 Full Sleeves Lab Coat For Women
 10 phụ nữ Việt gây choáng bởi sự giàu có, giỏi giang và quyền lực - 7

==

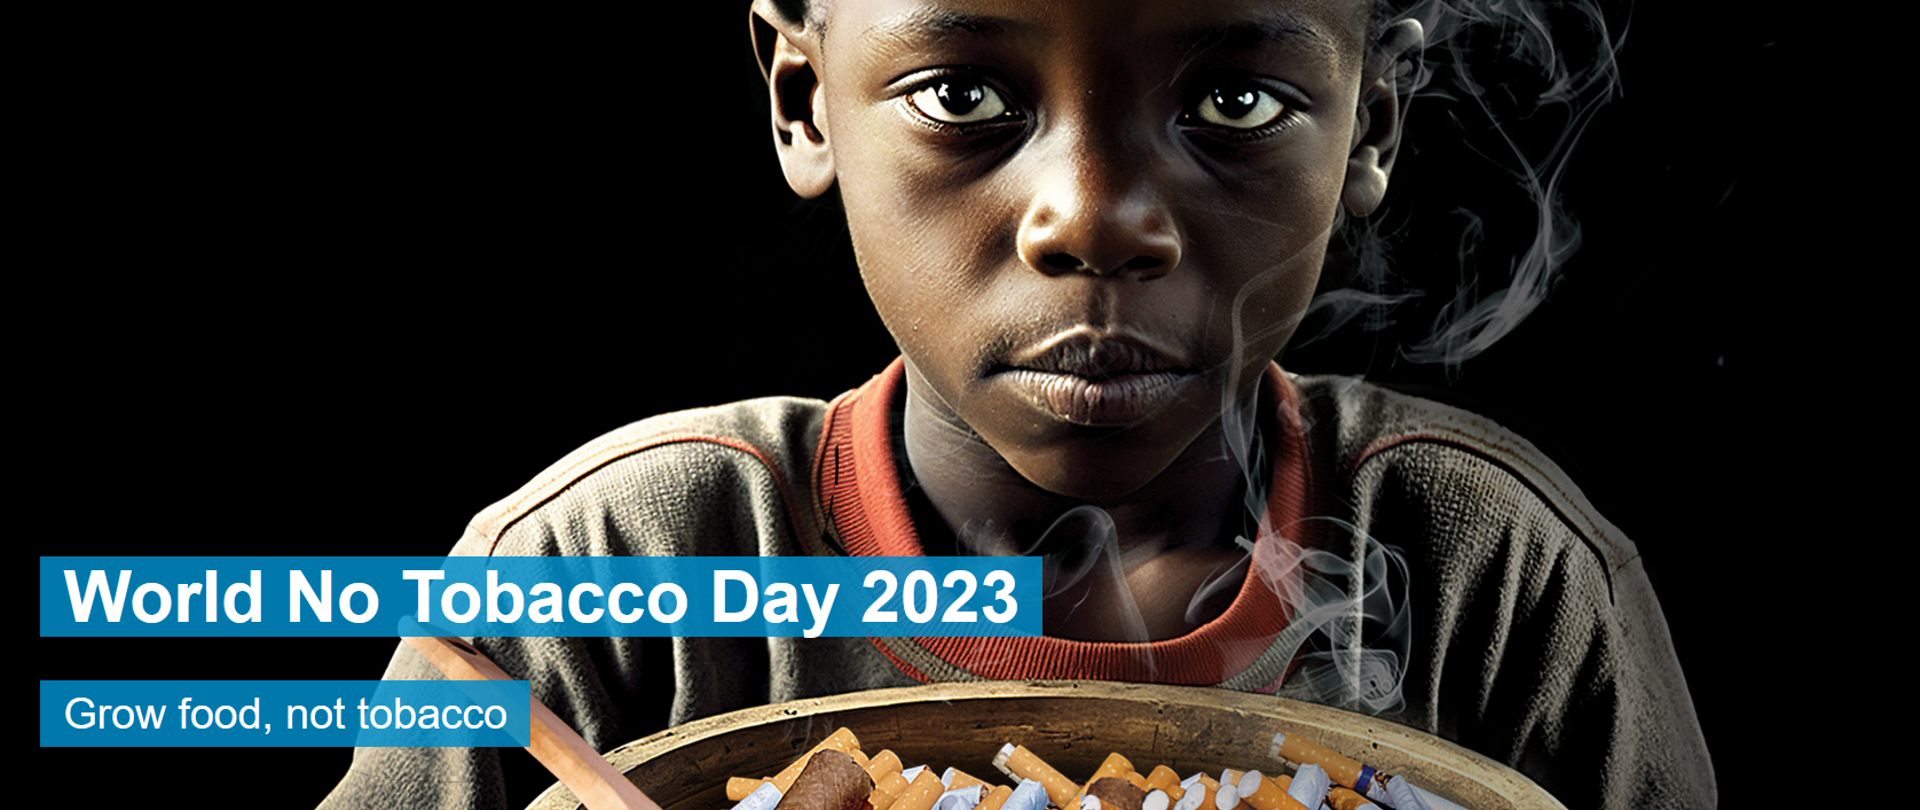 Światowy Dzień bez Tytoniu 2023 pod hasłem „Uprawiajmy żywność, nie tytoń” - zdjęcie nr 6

■ **WORK INSTRUCTION**: In the entries above, restate word for word the lines between the one holding "Full Sleeves Lab Coat For Women" and the one holding "10 phụ nữ Việt", inclusive, and nothing besides.

■ **RESPONSE AREA**:
 Full Sleeves Lab Coat For Women
 10 phụ nữ Việt gây choáng bởi sự giàu có, giỏi giang và quyền lực - 7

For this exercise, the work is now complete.